# 4lb 10oz largemouth caught



## ragetail (Feb 8, 2009)

I caught this at 8pm before the tornado warnings in our county. I caught two other 2 lb bass all on the same presentation. The key on this night was a "splash-less" entry. All three of my bass, including this one, was when I feathered the jig into the water. All 3 hit on the initial fall. Stained water. 3/8 oz jig with trailer. AWESOME!


----------



## liveblue23 (Jun 8, 2010)

thats a nice one. congrats. what color jig where you throwing and trailer ifyou dont mind my asking. im starting to get into throwin a jig a lot more.


----------



## pizzacouple (Jun 5, 2011)

Nice fish. Where was this caught? No secret spots just the lake.


----------



## ragetail (Feb 8, 2009)

liveblue23 said:


> thats a nice one. congrats. what color jig where you throwing and trailer ifyou dont mind my asking. im starting to get into throwin a jig a lot more.

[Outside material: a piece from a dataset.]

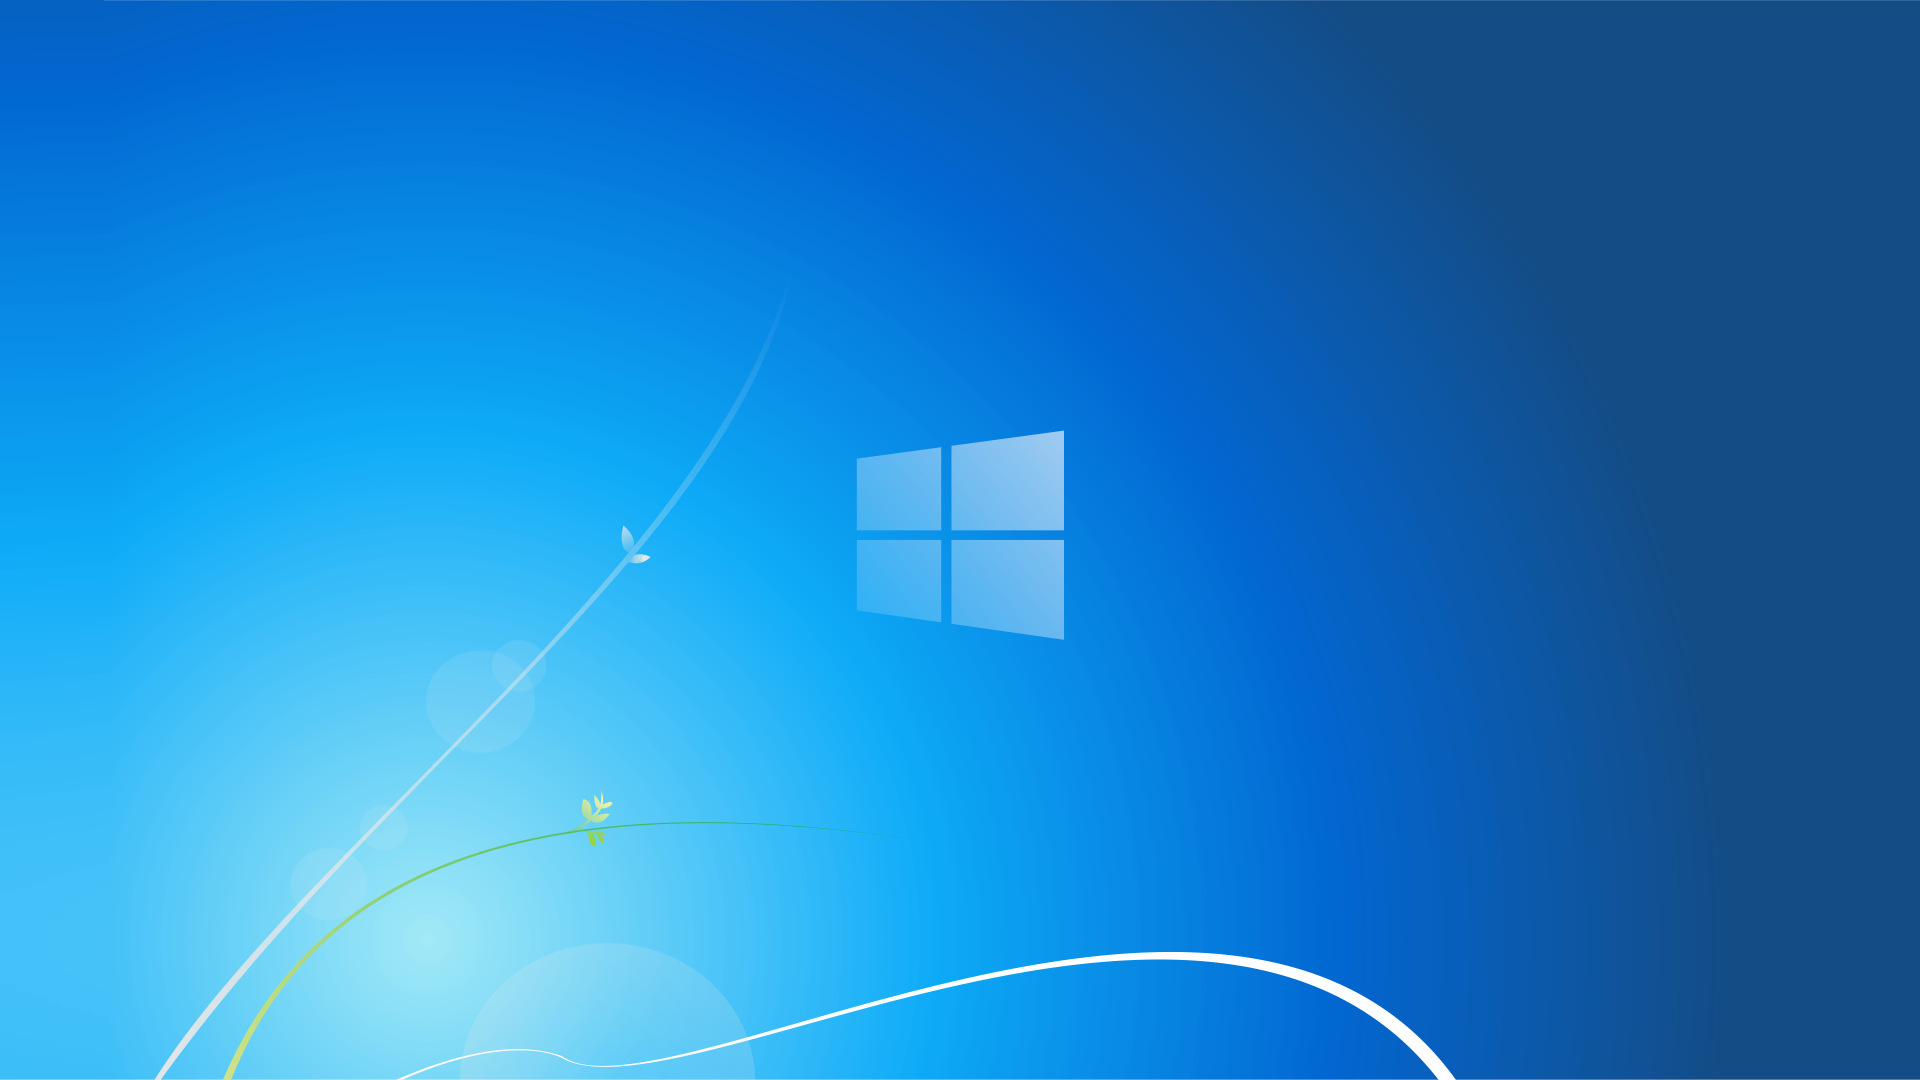 Bạn muốn tải hình nền Windows 7 miễn phí, với độ phân giải 4k sắc nét để thay đổi không gian của màn hình máy tính? Hãy truy cập trang web chuyên cung cấp những hình nền độc đáo, phong phú để bạn dễ dàng tìm được hình nền ưng ý và mang đến trải nghiệm tuyệt vời cho người dùng.

Evolution Heavy Cover Jig...Strike king Rage Craw. Green jig. The name of the color on the rage tail was "summer craw" its green pumpkin on one side and chartreuse on the other


----------



## fishingredhawk (Apr 14, 2004)

Nice fish!!! Teaching your dad a lesson on how to get the big ones


----------



## dinkcatcher (Jul 4, 2009)

Nice fish Joe


----------



## ragetail (Feb 8, 2009)

no disrespect but, why would I ever spill the beans on my home lake honey hole?


----------



## morning jigger (Apr 22, 2009)

Nice fish, can't beat the old trusty jigg n pigg!


----------



## JignPig Guide (Aug 3, 2007)

Nice fish son. -4lb.10oz. is a biggun.- You'll be teachin' the old-man some tricks before long.


----------



## "Big" mark the shark (Jan 21, 2010)

Nice fish ''''''''


----------



## puterdude (Jan 27, 2006)

Nice fish Joe,that's showing papa how it's done


----------



## crackedup (Apr 14, 2011)

thats a :B, nice catch


----------



## Drahthaar_dude (Aug 28, 2007)

Nice fish!!


----------



## Duane867 (Jul 11, 2011)

ragetail said:


> no disrespect but, why would I ever spill the beans on my home lake honey hole?


I would sooner die my self LOL !


----------



## zack pahl (Mar 8, 2009)

awesome bass, and a great report!


----------